From (2x-b)(ax+1)>0 and b>0, we can see that the solution of the inequality is x>b 2 or x<-1 a, and b 2>-1 a is constant, and a>0

And a belongs to b, so b 2 < = 3, -1 a> = -2 gets: b< = 6, a> = 1 2 or a<0 (rounded).

So a>=1 2,0 high school math has been lost for a long time, I hope it will help you, if you are wrong, please forgive me!

1.(1)f(x+2)=-f(x+1)=f(x) Of course, 2 is the cycle.

2) 2 is the period, then 2k is also the period. When x [-1,1], f(x) = x 2, so f(x) = f(x-2k) = (x-2k) 2 (x [2k-1,2k+1],k z).

2.(1) The definition field x+2 is not equal to 0, and (x+7) (x+2) is less than or equal to 2, then x is less than -2, or, x is larger.

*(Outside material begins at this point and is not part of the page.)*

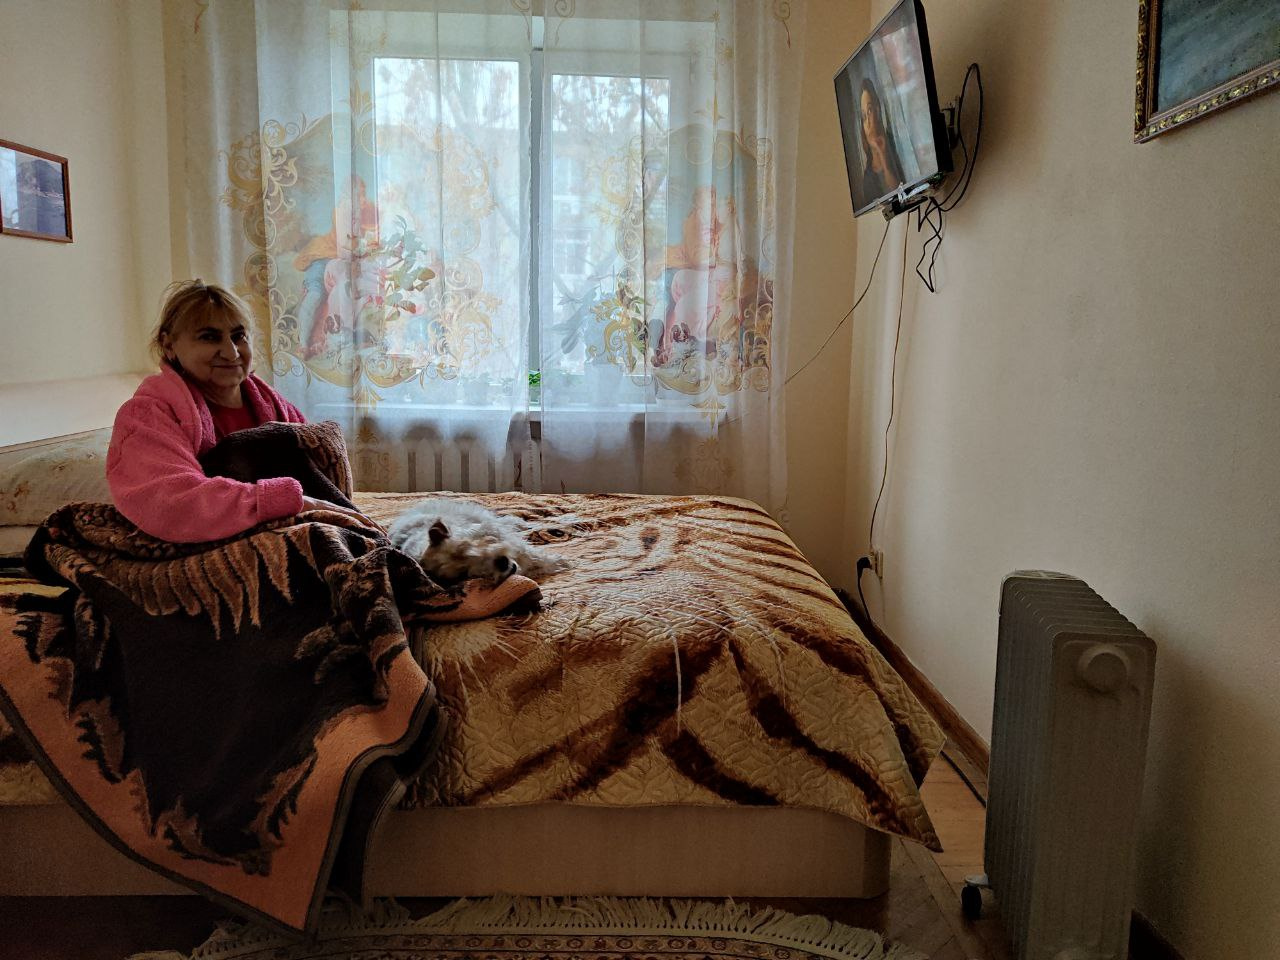 Ростовчане, живущие в доме, вынуждены спать одетыми

is equal to 32) g(x) defines the domain b uncertain, and when a is 0 and does not hold, then a is not 0.

From (2x-b)(ax+1)>0 and b>0, the solution of the inequality is x>b 2 or x<-1 a, and b 2>-1

A is constant, then a is greater than 0

A belongs to b, then 2/2 b is less than or equal to 3, and 1/1 of -a is greater than or equal to -2

i.e. b<=6, a>=1 2 or a<0

a<0 is not valid.

a>=1/2,0

Question 1 For any x, y r has f(x+y)+f(x-y)=2f(x)f(y), and f(0)≠0

Let x=y=0 give f(0)=1

f(x+y)+f(x-y)=2f(x)f(y), so that x=0 has f(y)+f(-y)=2f(0)f(y), f(y)=f(-y).

f(x) is an even function.

The second question is a=b f(a b)=f(a)-f(b)∴f(1)=0∵f(4)=1 ∴f（16／4)=f(16)-f(4).

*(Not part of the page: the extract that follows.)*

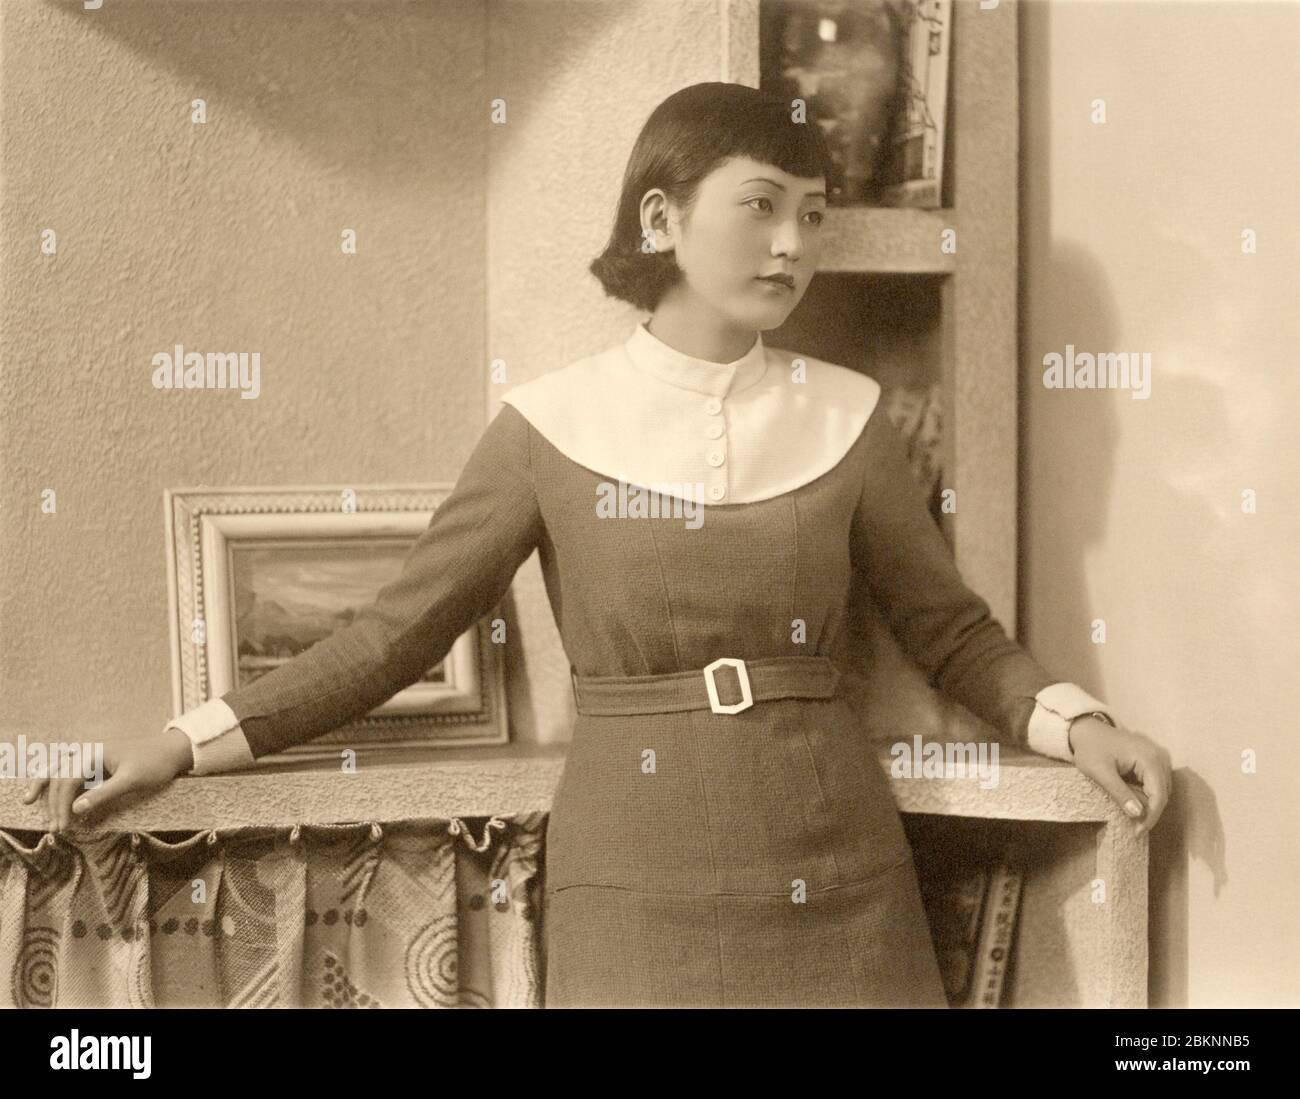 [ 1930er Jahre Japan - Junge japanische Frau ] - Junge japanische Frau in modernem Kleid und Frisur. Silberdruck mit Vintage-Gelatine aus dem 20. Jahrhundert. Stockfoto

f(16)=2 f(x+6)-f(1 x) 2 =f(16)x+6>0,1 x>0 x(x+6)>16 gives x>2

Let 4-x=0, x=4, then f(4-x) over (4,1) and the inverse function image over (1,4).

The power of 3 5 power, first cubic and then 5 power, ordinary calculators can't calculate, computer calculators calculate yes.